Michel Guillot

Demography is the only social science to apply a long-term approach to the future. Louis Henry defined it thus: “Using demographic perspectives enables us to calculate and therefore to know the possible size and structure of a population in the future according to this or that assumption.” Alfred Sauvy had already tried out the practice before becoming INED’s first director in1945. Jean Bourgois-Pichat consolidated the method in the 1950s by applying it to a range of countries, and even used it “in reverse” on the past to reconstitute the French population prior to the country’s first census in 1806. The core of the exercise remains to select assumptions on how new generations will behave. To do demographic projections, major international organizations as well as France’s Institute of Statistics and Economic Studies INSEE need information and guidance from experts, and here we see the value of current INED research studies on future developments in mortality at old ages and possible future low fertility levels. Anyone interested in such projections can now access the “population simulator” on the INED website and “play” with various scenarios on how population trends across the world will evolve between now and 2100. 

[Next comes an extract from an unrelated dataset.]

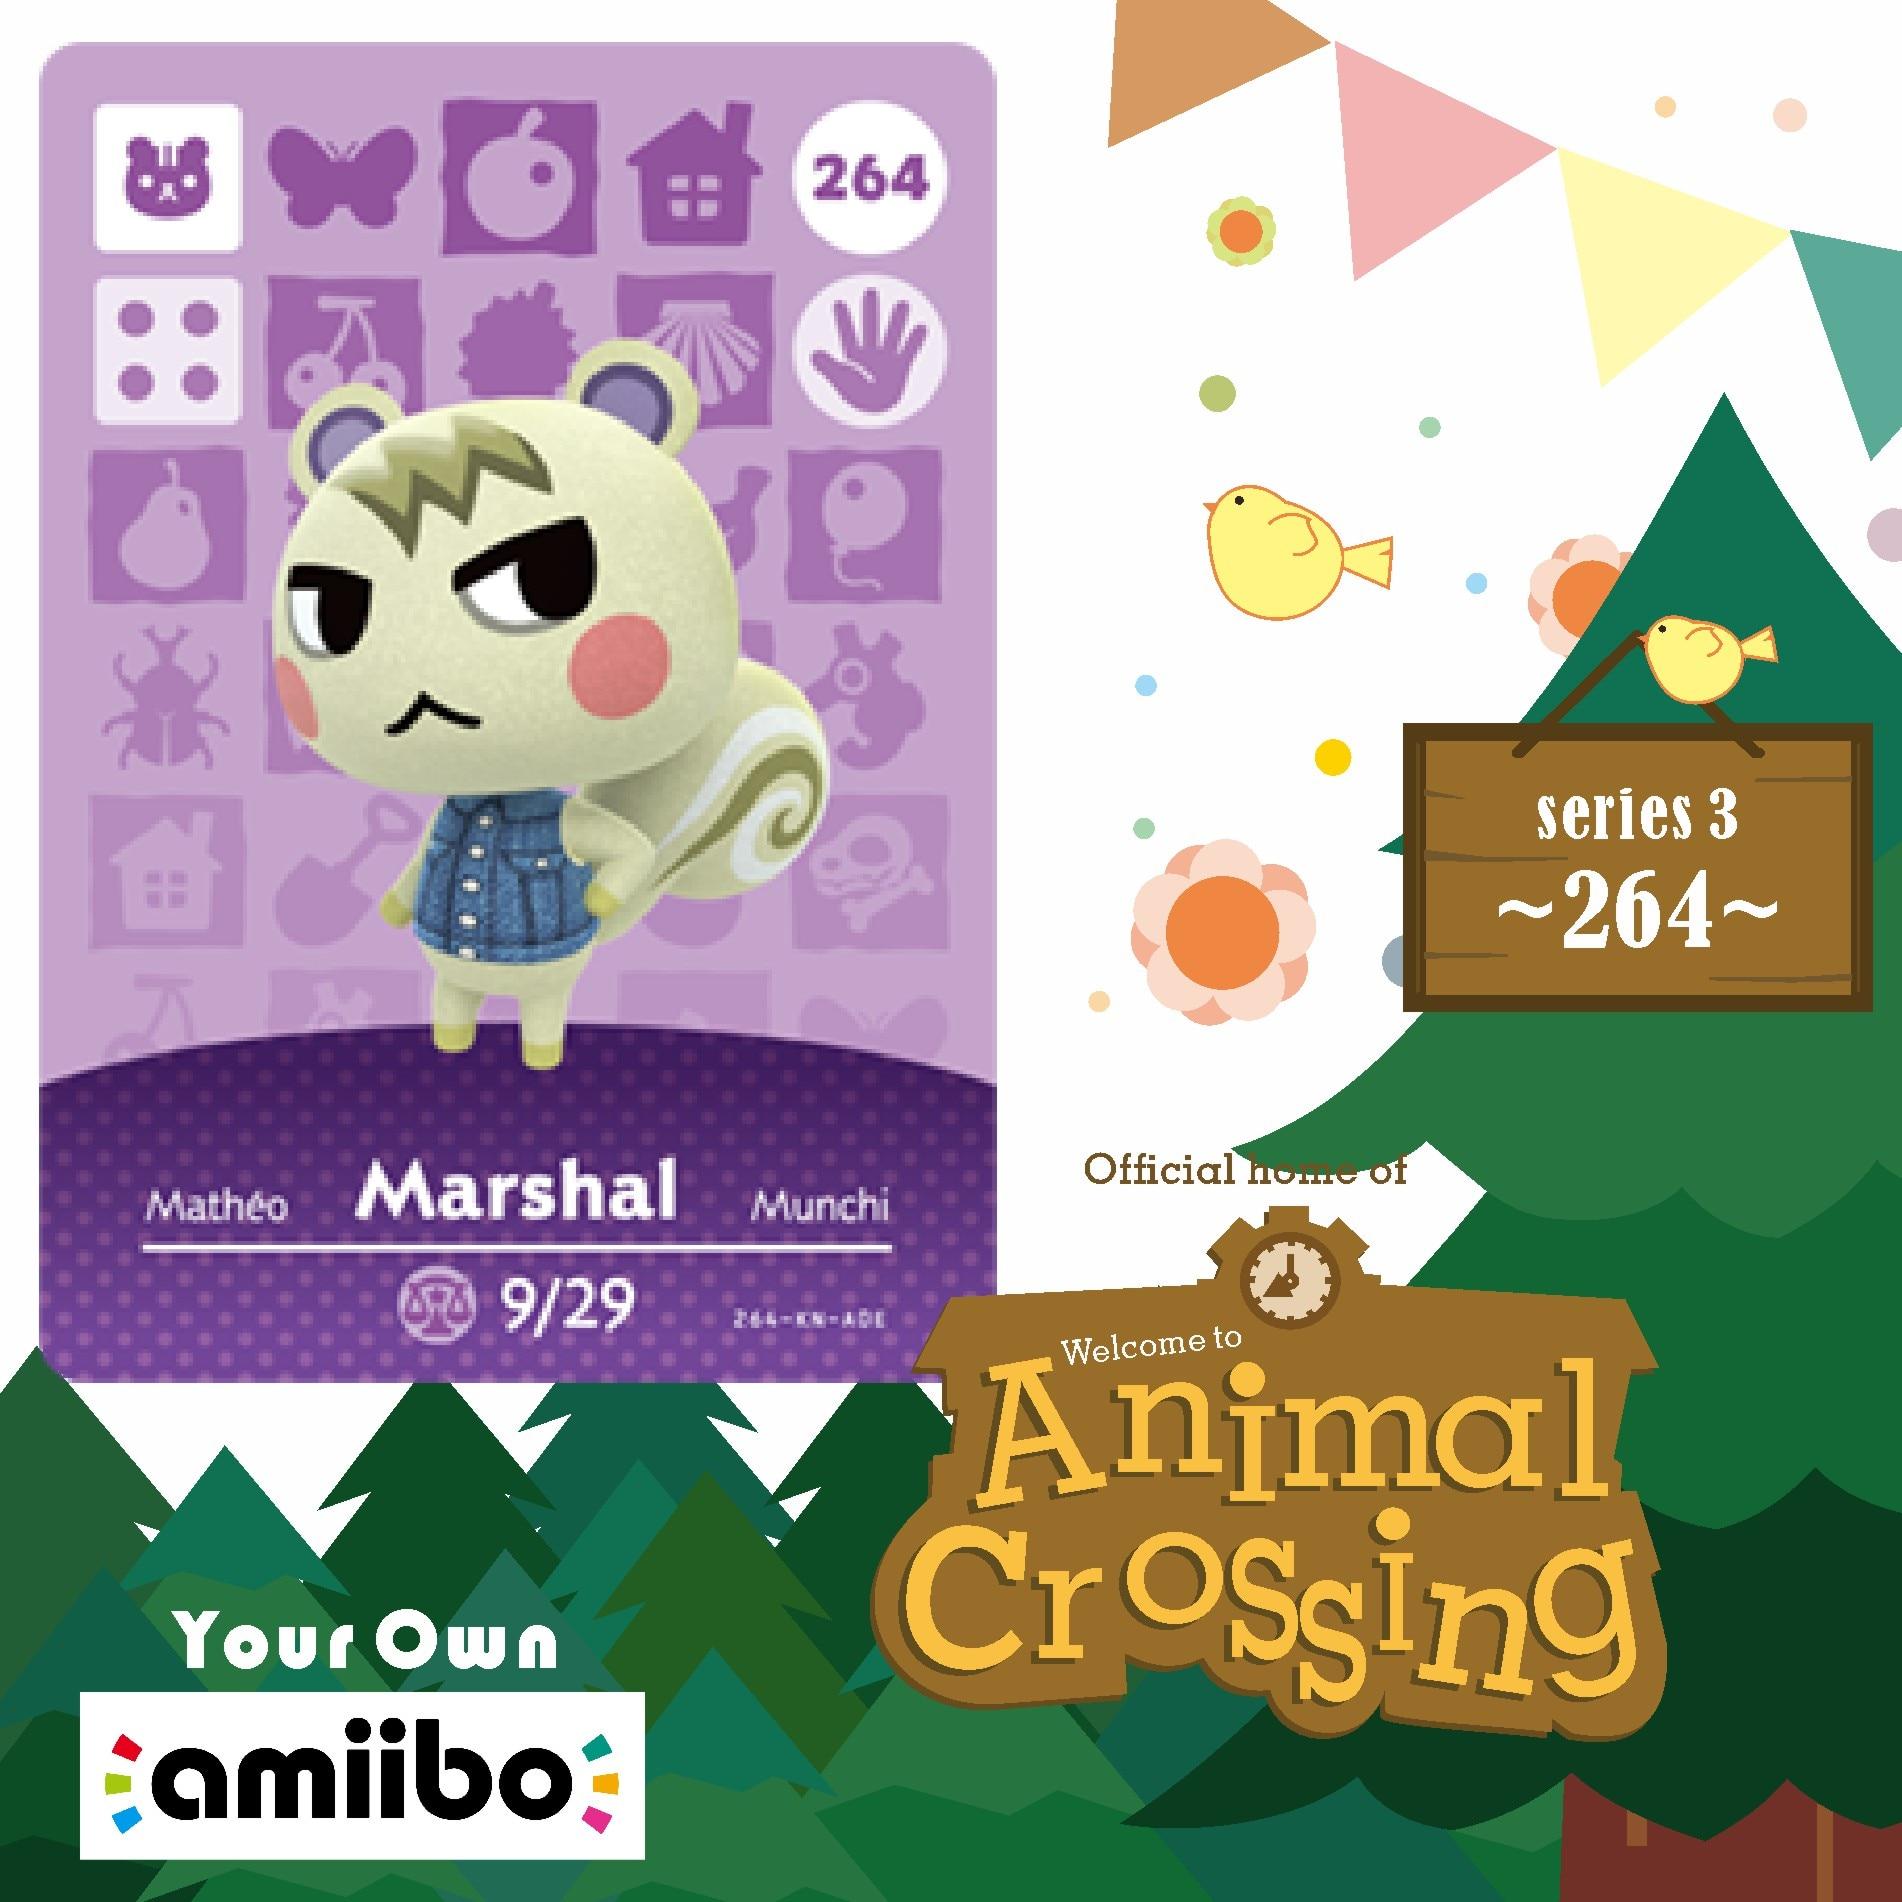 Marshal Animal Crossing Marshal Amiibo 264 Animal Crossing Switch Rv Welcome Amiibo Villager New Horizons Amiibo Card Series 3

In connection with this year’s celebration of the Institute’s 80 anniversary, INED researcher Michel Guillot reviews the basic principles of population projecting, how methods have evolved, and uncertainties about results. 

(Interviw conducted in April 2025)

When were demographic projections first done and what did they focus on initially?

The first demographic projections only concerned the numerical size of the total population. They were simple population extrapolations that did not yet consider population structure by age and the three demographic processes—mortality, fertility, migration—that account for that structure. Here we can site Malthus’ 1798 Essay where he formulated his celebrated hypothesis of exponential population growth. Later, Quetelet (1835), Verhulst (1838), and then Pearl in the 1920s put forward what is called the logistics law or S-shaped curve” according to which population size tends to stabilize around a limit or limiting value following a phase of rapid growth. Starting in the 1930s, these unreliable extrapolation methods were replaced by what is called the “components” method, where researchers calculate population size changes by age and sex on the basis of assumptions about mortality, fertility, and migration trends. This method, a version of which was initially proposed by Cannan (1895), was independently developed by Whelpton (1928) and is still consensual today. 

What are the easiest and the most difficult demographic phenomena to anticipate?

All three of the demographic processes cited above are difficult to anticipate, each in its own way. For mortality, it is difficult to anticipate epidemics such as HIV and COVID-19, or mortality crises due to conflicts. For fertility, it is difficult to predict the speed at which it will fall in countries that continue to have high rates. Conversely, in low-fertility countries (low fertility defined as below 1.6 children per woman), we currently have few empirical or theoretical guides that we can use to justify assumptions on future developments: in the first case, new upward movement, and in the second, ongoing decline. International migration, meanwhile, is often a response to economic, social, political, and environmental phenomena that are by nature difficult to predict. Of the three processes, fertility is the one that demographic projections are particularly sensitive to. A difference of a few decimals in fertility level can have a strong impact on a population’s future size. In this respect, we can say that fertility assumptions are the most difficult to formulate. Projection errors, observable only afterward by comparing population size actually attained at a given date to size projected earlier for the same date, are due mainly to error in fertility assumptions. 

How have demographic projection calculations evolved over recent decades? Could upcoming technological advances bring about changes in method?

While demographic projection calculations still use the components method, they have greatly evolved in recent years. They now use simulation models that enable researchers to integrate levels of uncertainty about a given population’s future size. We can expect that new technological advances will also improve our knowledge of current populations and so provide a better foundation on which to do demographic projections. However, regardless of what those technological advances are, demographic projections are by nature uncertain. 

Are sustainable development goals (SDGs) considered in demographic projections? Will they be

The latest projections by the Wittgenstein Centre for Demographic and Global Human Capital include a scenario that integrates SDG 4, the goal of instituting quality universal primary and secondary education by 2030 (K. C. Samir et al. 2024). The 2020 Institute for Health Metrics and Evaluation projections integrated SDGs into education and contraception needs. However, SDGs are not directly figured in to United Nations Population Division projections. There’s no consensus on integrating such variables as education level or contraception use into demographic projections on fertility, for example. This is why the United Nations favors an approach based mainly on extrapolating from past mortality, fertility, and migration trends.